Common I fashion mog all this forum with my designer clothes


----------



## Tony (Feb 5, 2019)

Arceus300 said:


> Common I fashion mog all this forum with my designer clothes


outfitcel


----------



## Arceus300 (Feb 5, 2019)

Tony said:


> outfitcel



Remove the cel, I’m not virgin


----------



## Tony (Feb 5, 2019)

Arceus300 said:


> Remove the cel, I’m not virgin


u promised to post pics u dont so ur a cel


----------



## Autist (Feb 5, 2019)

Malemodels.org


----------



## Deleted member 470 (Feb 5, 2019)

not bad but nothing special, designer brands don't mean shit if


----------



## Arceus300 (Feb 5, 2019)

Tony said:


> u promised to post pics u dont so ur a cel



Post pic of what ? I already post a lot of pic with girls in my bed


----------



## Tony (Feb 5, 2019)

Arceus300 said:


> Post pic of what ? I already post a lot of pic with girls in my bed


in the group of ur bloated face we promised we wont leak but u didnt post !


----------



## Arceus300 (Feb 5, 2019)

Tony said:


> in the group of ur bloated face we promised we wont leak but u didnt post !



Ah my face isn’t bloated first. I’m just 20bf and second fuck you you I don’t trust yoz


----------



## badromance (Feb 5, 2019)

nice face


----------



## Tony (Feb 5, 2019)

Arceus300 said:


> Ah my face isn’t bloated first. I’m just 20bf and second fuck you you I don’t trust yoz


why ? i was always friendly to u


----------



## Deleted member 483 (Feb 5, 2019)

*arcerus's mom:* "so what have you been doing lately in your free time?"
*arcbrah:* "i pretend to be a model and make autistic photoshoots in my balcony to fuel my inflated self worth"
*mom:*


----------



## Arceus300 (Feb 5, 2019)

Tony said:


> why ? i was always friendly to u



Idk I associate you to this asshole nibba who sends pics of me to his sister


badromance said:


> nice face



I face mogs you to oblivion. Only flaw is my acnee


----------



## Tony (Feb 5, 2019)

freakofnature said:


> *arcerus's mom:* "so what have you been doing lately in your free time?"
> *arcbrah:* "i pretend to be a model and make autistic photoshoots in my balcony to fuel my inflated self worth"
> *mom:*


*mom*: from now on i will call u arcbrah


----------



## Kenma (Feb 5, 2019)

Not bad actually.

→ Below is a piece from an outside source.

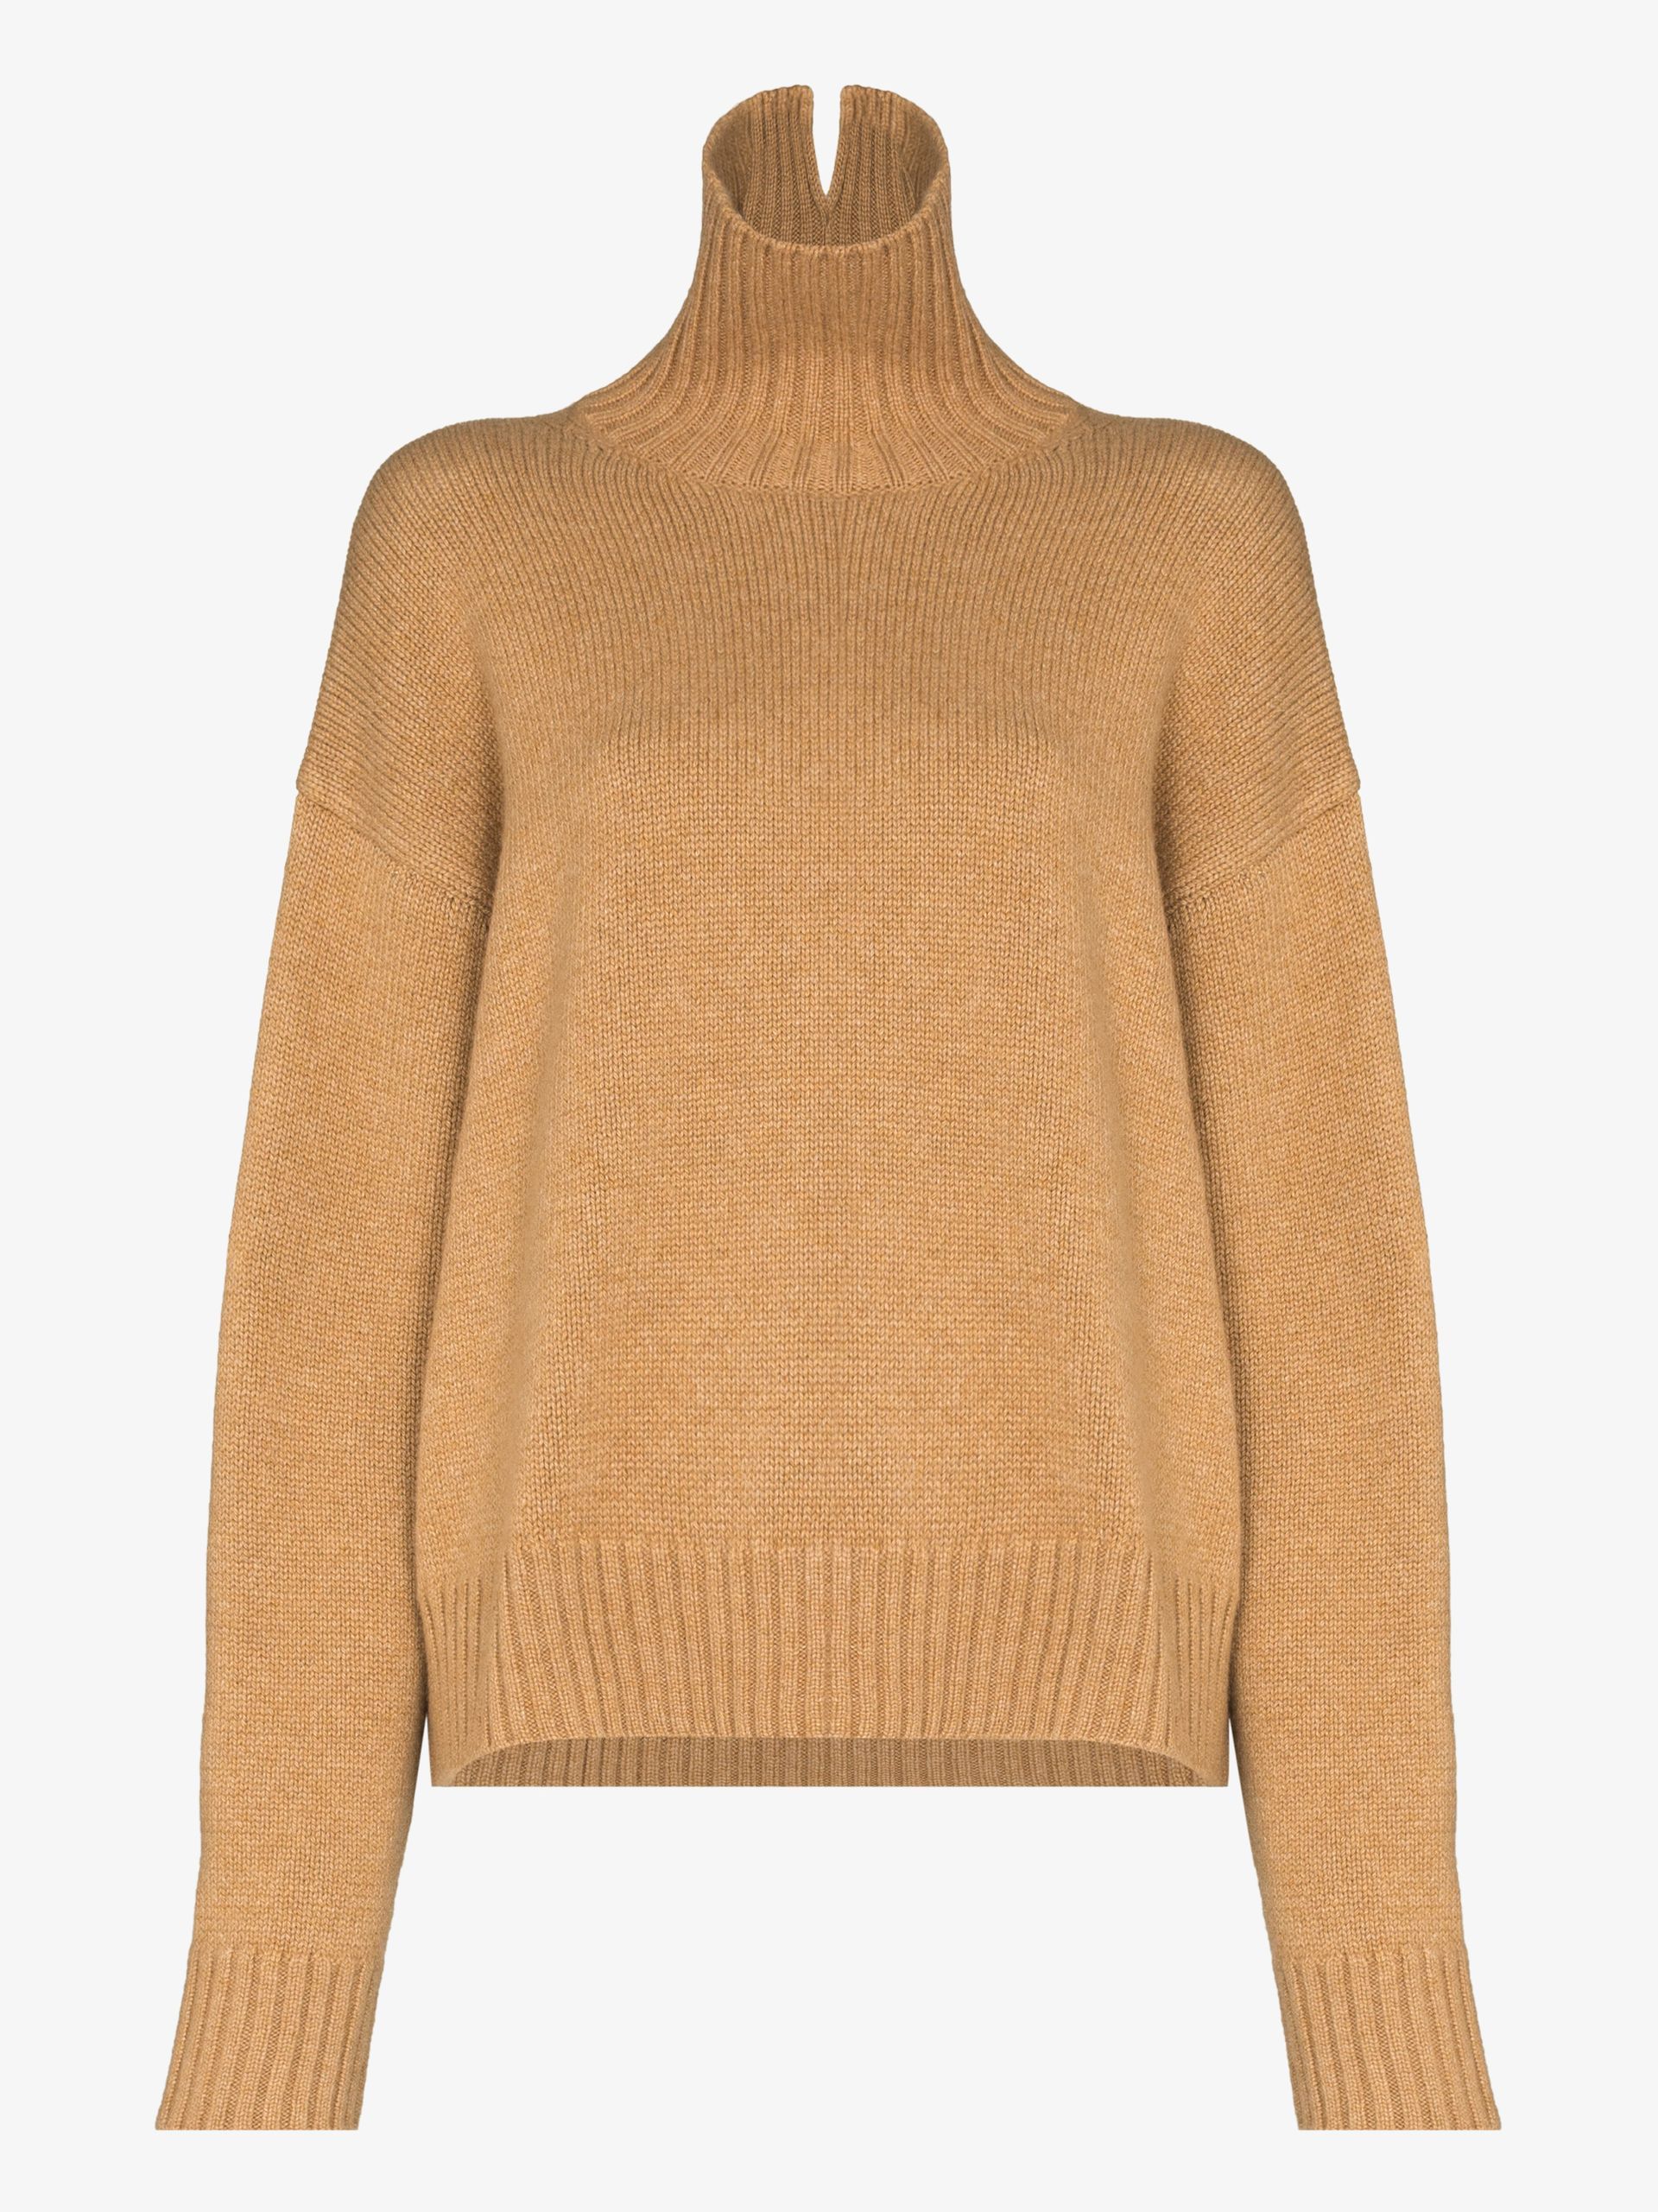 Luxury Women Cashmere Knitwear Jumper Turtleneck Pullover Loose Sweater Tops

Just stop wearing denim.


----------



## mido the slayer (Feb 5, 2019)

What’s the name of the jacket I mean what do they called?
And also you need to skinmax drink a lot of water and healthy food and skinmax


----------



## Deleted member 611 (Feb 5, 2019)

Get on accutane pizza face


----------



## Arceus300 (Feb 5, 2019)

mido the slayer said:


> What’s the name of the jacket I mean what do they called?
> And also you need to skinmax drink a lot of water and healthy food and skinmax



It’s a COS jacket, but dunno the name


----------



## Jaded (Feb 5, 2019)

Quit smoking


----------



## Bluepill (Feb 5, 2019)

Kenma said:


> Not bad actually. Just stop wearing denim.


You know the rules
>Talk shit, post fit


mido the slayer said:


> What’s the name of the jacket I mean what do they called?


It's a bomber jacket.


----------



## Deleted member 656 (Feb 5, 2019)

Arceus300 said:


> Daily reminder that face+ height + nt+ fashionmax+ decent frame( if your talk you will be okay with this) = fucking slayer machine




Duuuude you're looking great. We have basically the same taste in clothes. Both PSL 6.5 prettyboys too imo.


----------



## Arceus300 (Feb 5, 2019)

Alarico8 said:


> Duuuude you're looking great. We have basically the same taste in clothes. Both PSL 6.5 prettyboys too imo.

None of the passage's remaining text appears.